Cannabis e OMS, ora è legale?

Cannabis e OMS, ora è legale?

La Cannabis è stata depennata dalla tabella IV della Convenzione del 1961 sugli stupefacenti. La decisione della commissione narcotici delle Nazioni Unite, in voto a Vienna, è rimbalzata alle cronache locali. Le proprietà mediche della Cannabis sono state ufficialmente riconosciute fornendo alla terapia del dolore il giusto valore. L’Organizzazione Mondiale della Sanità (OMS) aveva già caldamente consigliato in passato la rimozione della stessa dalla quarta tabella ma la decisione ufficiale è arrivata solo nel 2020. Cos’è la pianta di canapa, classificazione della Cannabis e tassonomia La Cannabis o canapa è una pianta asiatica angiosperme appartenente alla famiglia delle Canabaceae. In natura è possibile reperirla di varie altezze che vanno dal metro e mezzo ai sei metri a seconda della varietà.
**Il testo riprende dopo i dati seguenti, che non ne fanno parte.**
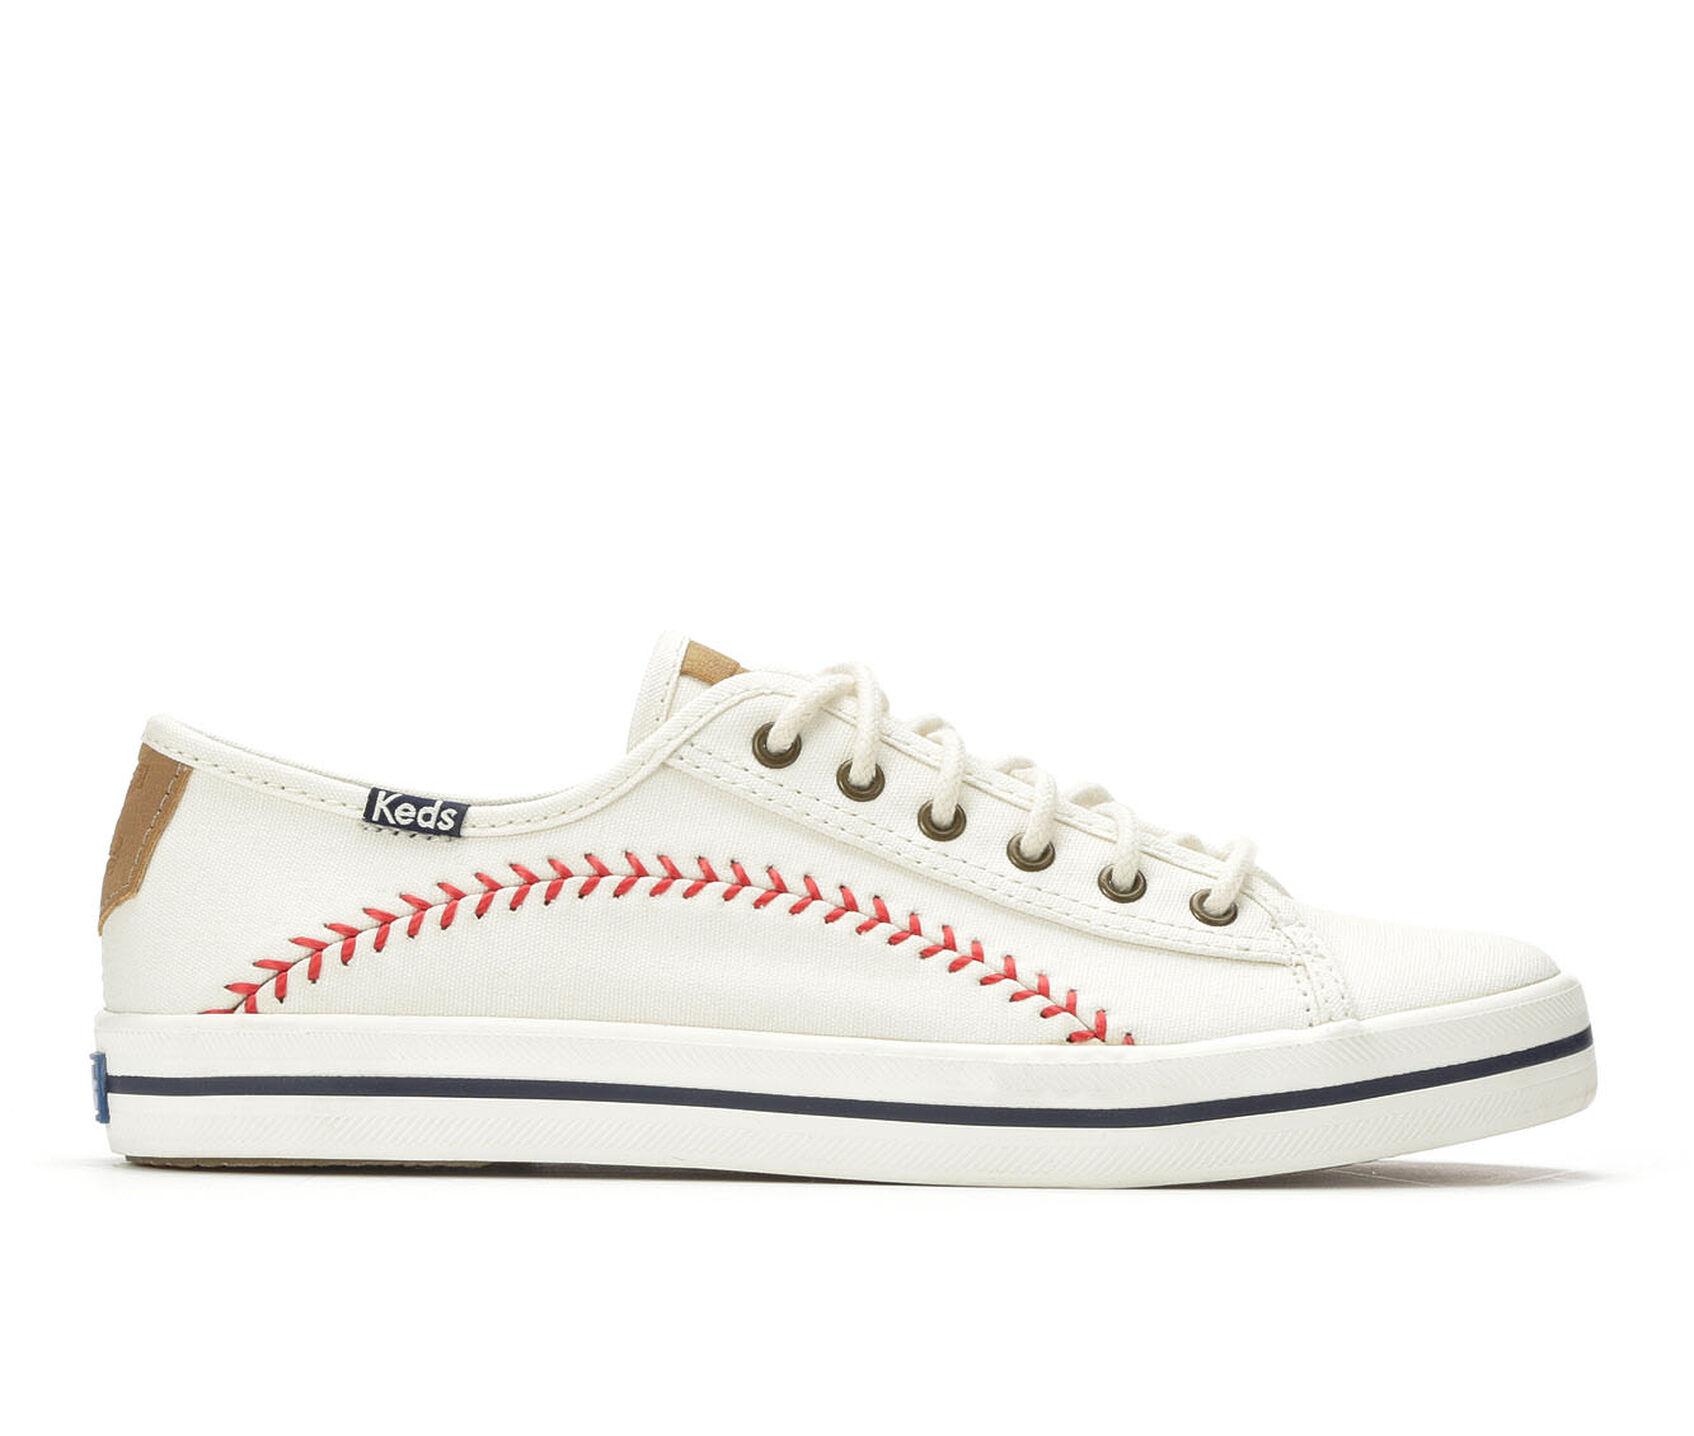 1f4a709f242925 Women s Keds Kickstart Pennant Baseball-Inspired Sneakers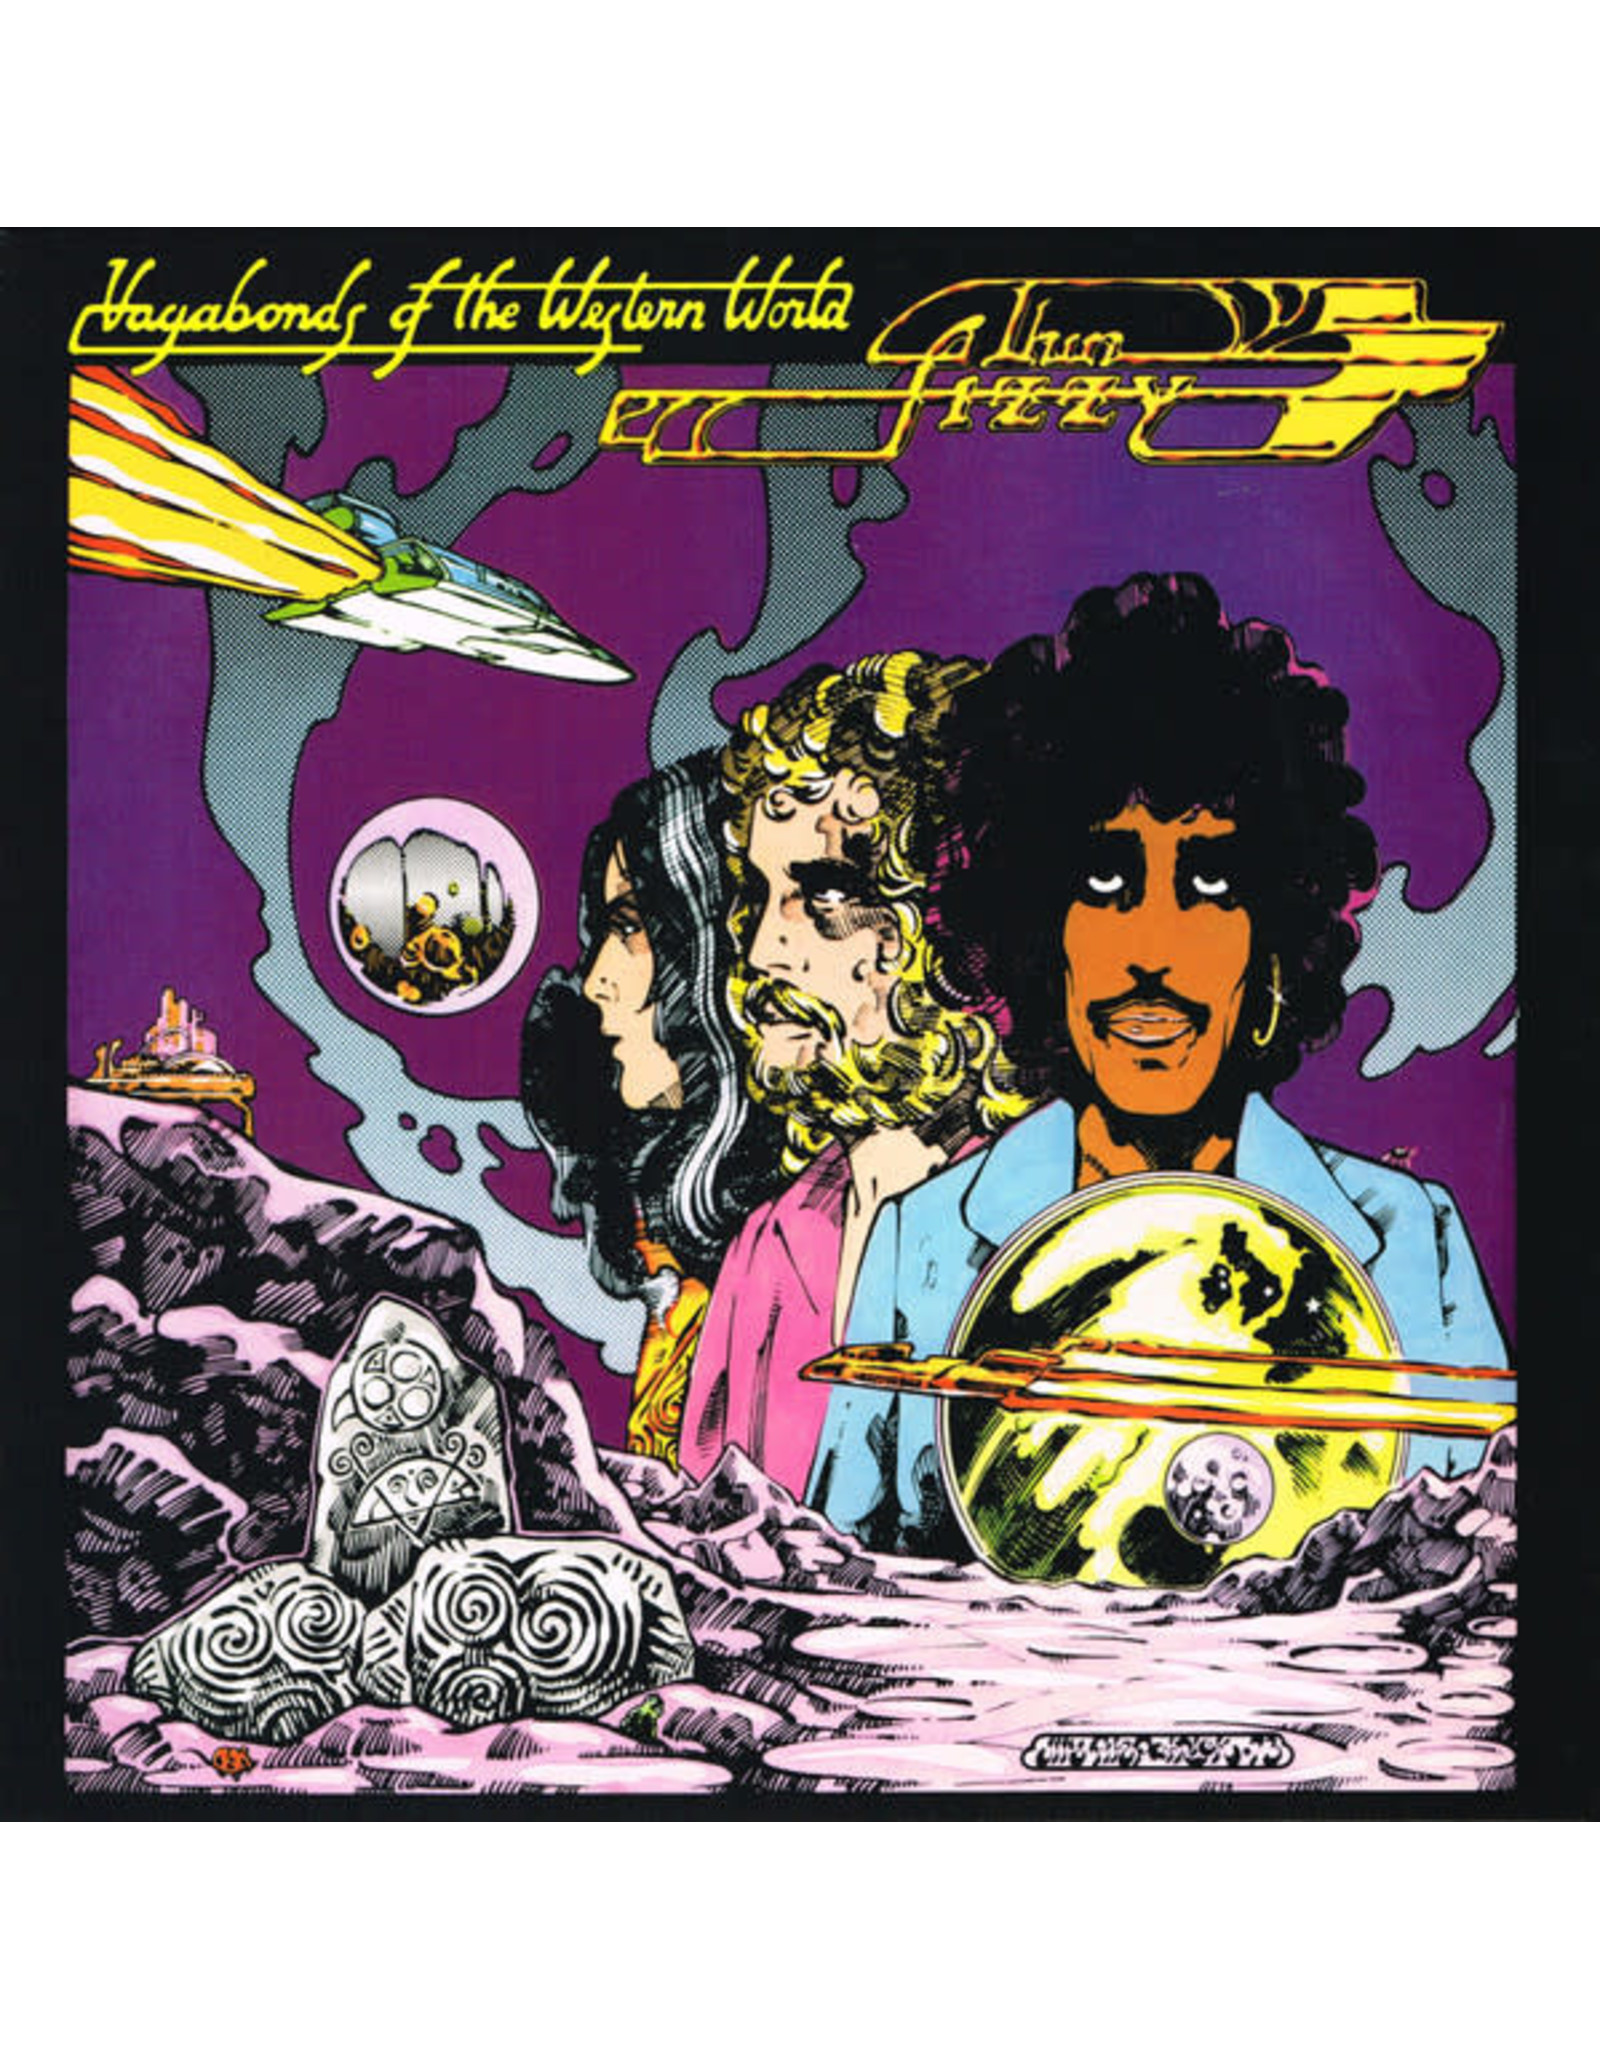 Thin Lizzy - Vagabonds of the Western World LP

Questa specie ha aperto uno spaccato sulla classificazione botanica. Per alcuni studiosi la Cannabis si suddivide in:

  • Cannabis sativa, specie largamente diffusa in occidente e coltivata soprattutto per uso tessile ed edile. È tra le specie più leggere di Cannabis e permette di stimolare la creatività e l’attività cerebrale.
  • Cannabis indica, o canapa indiana, è considerata il vino rosso della specie, per via del suo effetto corposo su fisico e mente. In genere stimola meditazione e rilassamento.
  • Cannabis ruderalis, classificata per la prima volta nel 1924, si caratterizza per le dimensioni ridotte. Questa specie ha il più basso contenuto di THC e si è largamente diffusa per la pratica dell’ibridazione.

Altre teorie più accreditate, invece, hanno classificato la Cannabis indica e quella ruderalis come sottospecie della più diffusa Cannabis sativa. La differenziazione sostanziale tra una specie e l’altra risiede nella percentuale di principi attivi. Si tratta di tetraidrocannabinoli (THC), capostipite dei principi attivi della Cannabis e cannabinoidi (CBD), che appartengono alla canapa utilizzata a scopo terapeutico e agroalimentare, a causa degli effetti rilassanti. Per ottenere la sostanza psicoattiva che oggi si conosce, vanno utilizzate solo alcune parti dei fiori femminili e la loro resina.

Cannabis medica o CM: gli effetti della terapia del dolore dalla storia all’utilizzo moderno

L’utilizzo della pianta di canapa, la sua coltivazione a scopo commerciale e l’uso psicotropo, sono stati testimoniati già in tempi antichi. L’uso psicotropo della sostanza risale ai tempi della popolazione Hindu, secondo i quali la pianta era considerata sacra. In Siria l’utilizzo di Cannabis è registrato dalla nascita degli Hashashin, letteralmente “fumatori di Hashish”. La questione medica venne ben presto messa in luce da Shen Nung, padre della medicina cinese, che incluse la canapa nella sua farmacopea. Questa veniva considerata bevanda in grado di curare malattie dolorose interne, e considerata l’attuale terapia del dolore, si può dichiarare l’intuizione della cura lenitiva più che veritiera. Oggi con l’espressione Cannabis terapeutica si definisce la Cannabis sativa light giunta a maturazione ed essiccata. Un primo freno alla diffusione della stessa si ebbe nel 1937 con la legge sul proibizionismo, che rese illegale qualsiasi coltivazione di canapa. Nel 1996 il Canada legalizzò la Cannabis Light a scopo terapeutico mentre in Italia il provvedimento arrivò nel 2006.

Passo storico importante: l’OMS cancella la Cannabis dalle sostanze stupefacenti. Ora è legale?

Nella votazione ONU avvenuta a Vienna è stata approvata con 27 voti a favore su 53, una delle 6 raccomandazione che l’OMS aveva richiesto sulla Cannabis e che cioè venisse eliminata dalla tabella IV delle sostanze pericolose e ad alta tossicità. Questo prevede il riconoscimento degli effetti terapeutici della sostanza, che verrà considerato farmaco al pari degli oppiacei. Il cambiamento segna un punto di inizio soprattutto in termini di ricerca scientifica. È probabile che anche il reperimento della stessa sarà più fruibile in seguito alla decisione dell’ONU ma immediati cambiamenti non ci saranno, non in breve tempo almeno. Resta legale però la Cannabis Light.